From court documents:
In other words, . . . [Schmidle’s] story selectively includes evidence and themes provided by Hood’s attorneys to make a convincing argument for Hood’s innocence, to the exclusion of evidence that undermines Hood’s claims. It is exactly the type of “friendly” journalism Hood’s team envisioned in their plan to try the case outside of the courts, and Schmidle appears to have crossed the line from journalist to advocate in creating a story championing Hood’s cause. . . .
Mr. Schmidle was not on the sidelines reporting a story from a distance. He was an advocate in the thick of the effort to exonerate Hood through a public relations campaign. That effort is relevant because it led to the clemency decision, which Hood touts as an official recognition of his innocence by the State of Illinois.
The detectives who worked the case, including Kenneth Boudreau, Jack Halloran, and Jim O’Brien, have been the target of civil rights law firms and the media for decades in a host of federal lawsuits and media articles. But the subpoena of Schmidle is another sign that the detectives and city attorneys aren’t buying these claims.
Indeed, the motion demanding Schmidle’s deposition gives life to sentiments by Boudreau and many police officers, prosecutors, and attorneys who assert a tripartite collusion among political figures, civil rights law firms, and media allies to gin up lucrative lawsuits against detectives. There now exists a large body of evidence—a pattern and practice, if you will—of media coverage so biased as to make reporters little more than public relations agents for the law firms suing detectives and to give a pass to political figures for their role in them.
In fact, attorneys representing the detectives cite evidence in court documents they say shows advocates of Hood openly boasting of such collusion between the media and lawyers claiming false convictions.
For example, former governor Pat Quinn, they argue, attended a panel discussion entitled “Trying a Case Outside the Courts” with the Exoneration Project at the University of Chicago in which the members actually discussed their strategy of circumventing the courts with media pressure.
From the Exoneration Project:
Hood’s release from prison and subsequent conviction dismissal—a victory for the Law School’s Exoneration Project—involved the exercise of executive power and a deliberate media strategy. . . .
Hood’s case first fell under scrutiny when evidence suggested that witness testimony connecting him to the murder was the product of police coercion. This evidence, along with proof that linked the victim’s father to the crime, garnered public support and led to extensive media coverage of his conviction.
[Karl] Leonard, an associate at Winston & Strawn, stressed the value of using this media coverage advantageously. “The most important thing was that we had the contacts and that we used them at the right time,” he said.

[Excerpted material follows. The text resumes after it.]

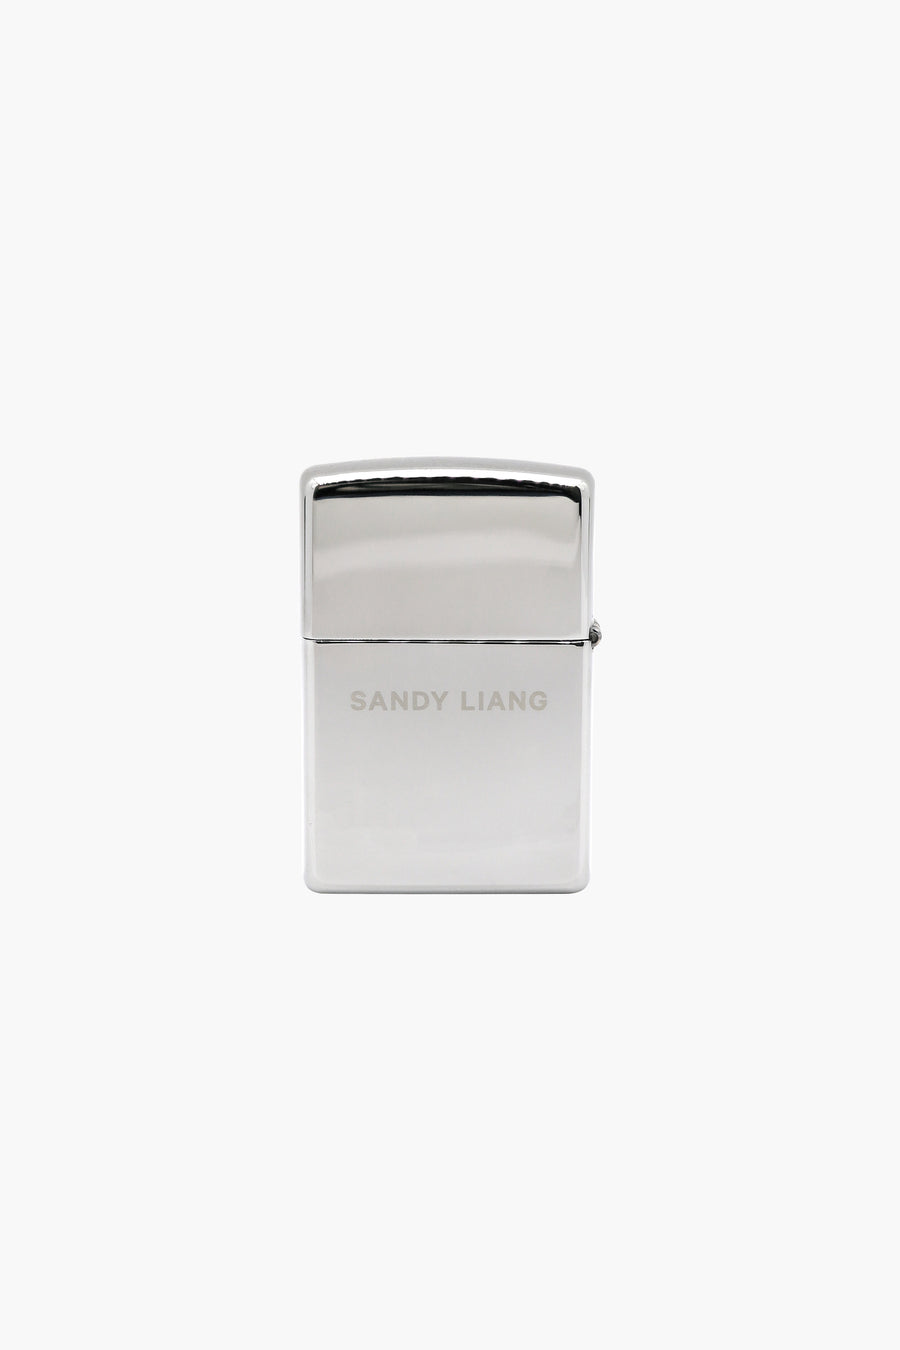 Silver zippo lighter with sandy liang logo on one side and "i'm going to be my own kind of princess" type on other side

They sure did. But attorneys for the detectives also point out in their motions an illuminating evolution in Quinn’s behavior. Quinn commuted Hood’s sentence, they argue, then began claiming Hood was innocent. But now that defense attorneys want to depose Quinn, he suddenly doesn’t want to talk about it:
Since granting Hood clemency and leaving office, Mr. Quinn has not shied away from publicity his decision received. To the contrary, he has willingly given interviews, spoken on panels, and made public appearances with and about Hood. . . . Now that he has been subpoenaed, however, Mr. Quinn no longer wishes to discuss his decision to grant Hood’s clemency request, at least not with defendant’s counsel.
And certainly no Chicago media outlet, many of whom are running around claiming that police officers regularly point guns at children in the course of serving search warrants, wants to talk to Quinn about it, since not one of them has even covered the fact that a former governor is being sought for a deposition in a landmark criminal case.
There’s another likely explanation why the media won’t cover the story of Quinn being called to testify about a decision that hints at a shocking abuse of power: It’s not the only one. Just before he left office, Quinn also arbitrarily commuted the sentence of a man convicted of shooting three police officers in 2005 and another man who was convicted of lying in a case that could have freed two convicted killers. The media response to these unprecedented abuses of power?
A code of silence.
As it is, Schmidle being forced to testify could be an illuminating piece of evidence in the Hood lawsuit, and a compelling explanation of how the media, politics, and law work in Chicago, particularly during the reign of Governor Quinn.